Languages, scripts, and Chinese texts in East Asia
by
Kornicki, Peter Francis
in
Asian History
,
Chinese language
,
Chinese language -- Dialects -- East Asia
2018
This book is a wide-ranging study of vernacularization in East Asia, and for this purpose East Asia includes not only China, Japan, Korea, and Vietnam but also other societies that no longer exist, such as the Tangut and Khitan empires. It takes the reader from the early centuries of the Common Era, when the Chinese script was the only form of writing and Chinese Buddhist, Confucian, and medical texts spread throughout East Asia, through the centuries when vernacular scripts evolved, right up to the end of the nineteenth century when nationalism created new roles for vernacular languages and vernacular scripts. Through an examination of oral approaches to Chinese texts, it shows how highly valued Chinese texts came to be read through the prism of the vernaculars and ultimately to be translated. This long process has some parallels with vernacularization in Europe, but a crucial difference is that literary Chinese was, unlike Latin, not a spoken language.
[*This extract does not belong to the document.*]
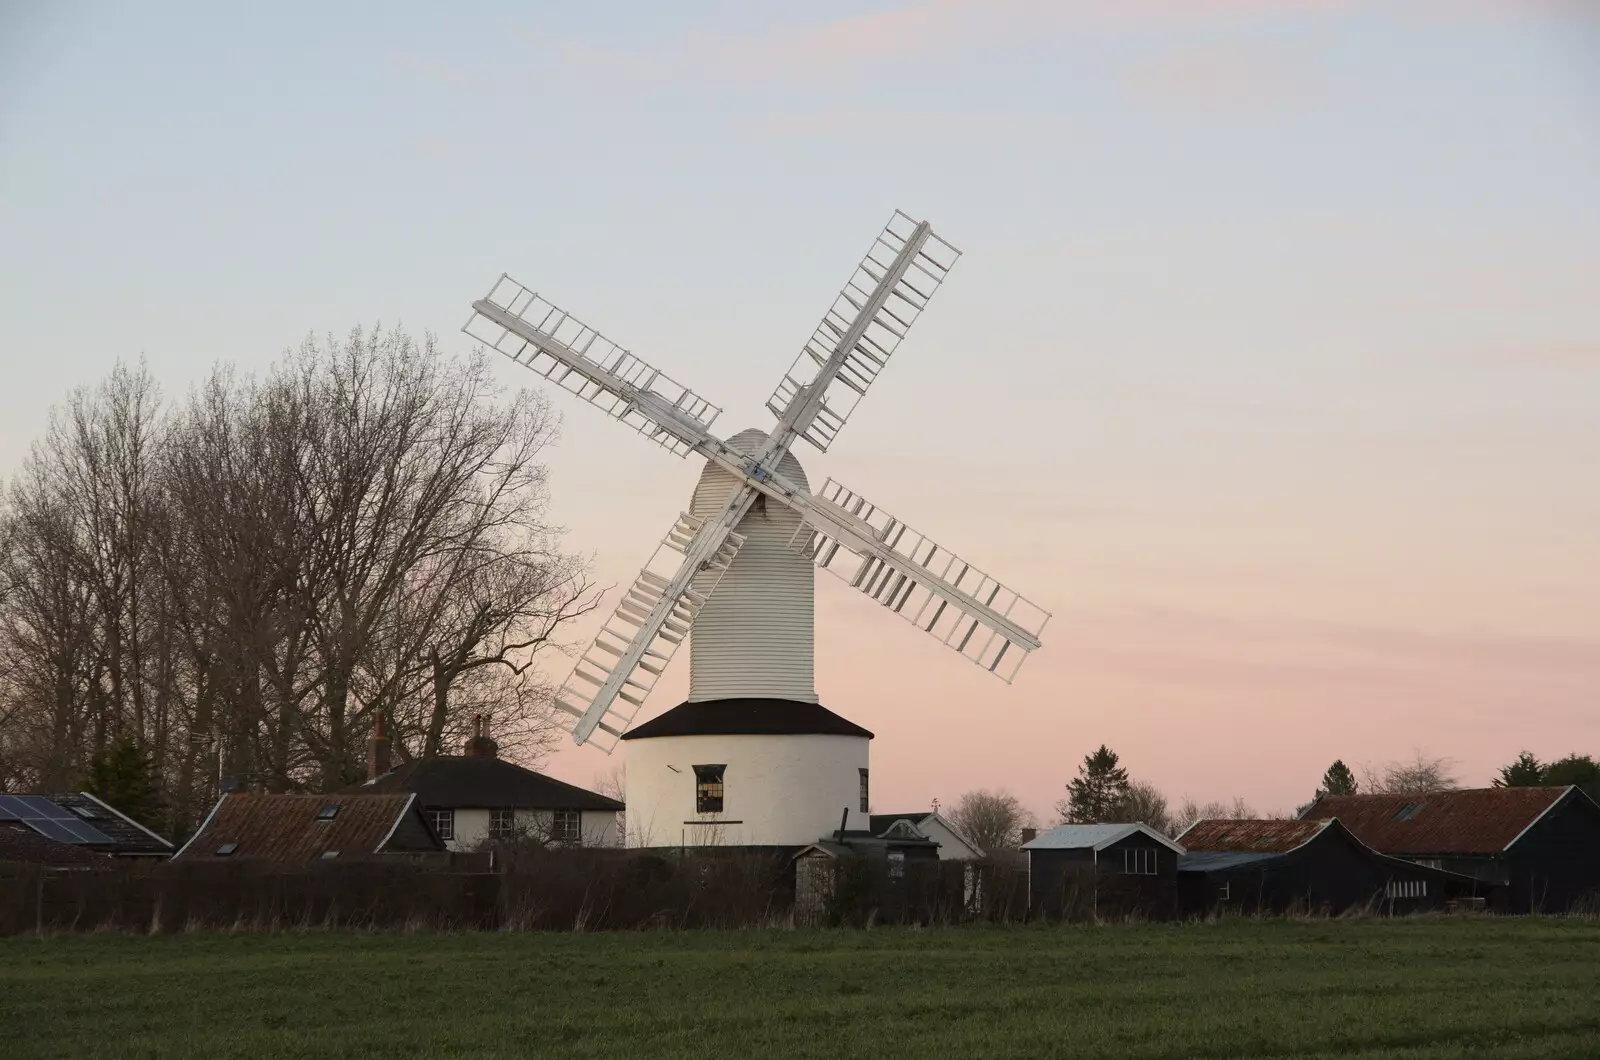 Saxtead Green Post Mill in the dusk, from A Trip to Orford Castle, Orford, Suffolk - 26th February 2022

As a consequence, people who spoke different East Asian vernaculars had no means of communicating in speech, but they could communicate silently by means of written conversation in literary Chinese; a further consequence is that within each society Chinese texts assumed vernacular garb: in classes and lectures, Chinese texts were read and declaimed in the vernaculars. What happened in the nineteenth century and why are there still so many different scripts in East Asia? How and why were Chinese texts dethroned and what replaced them? These are some of the questions addressed in this book.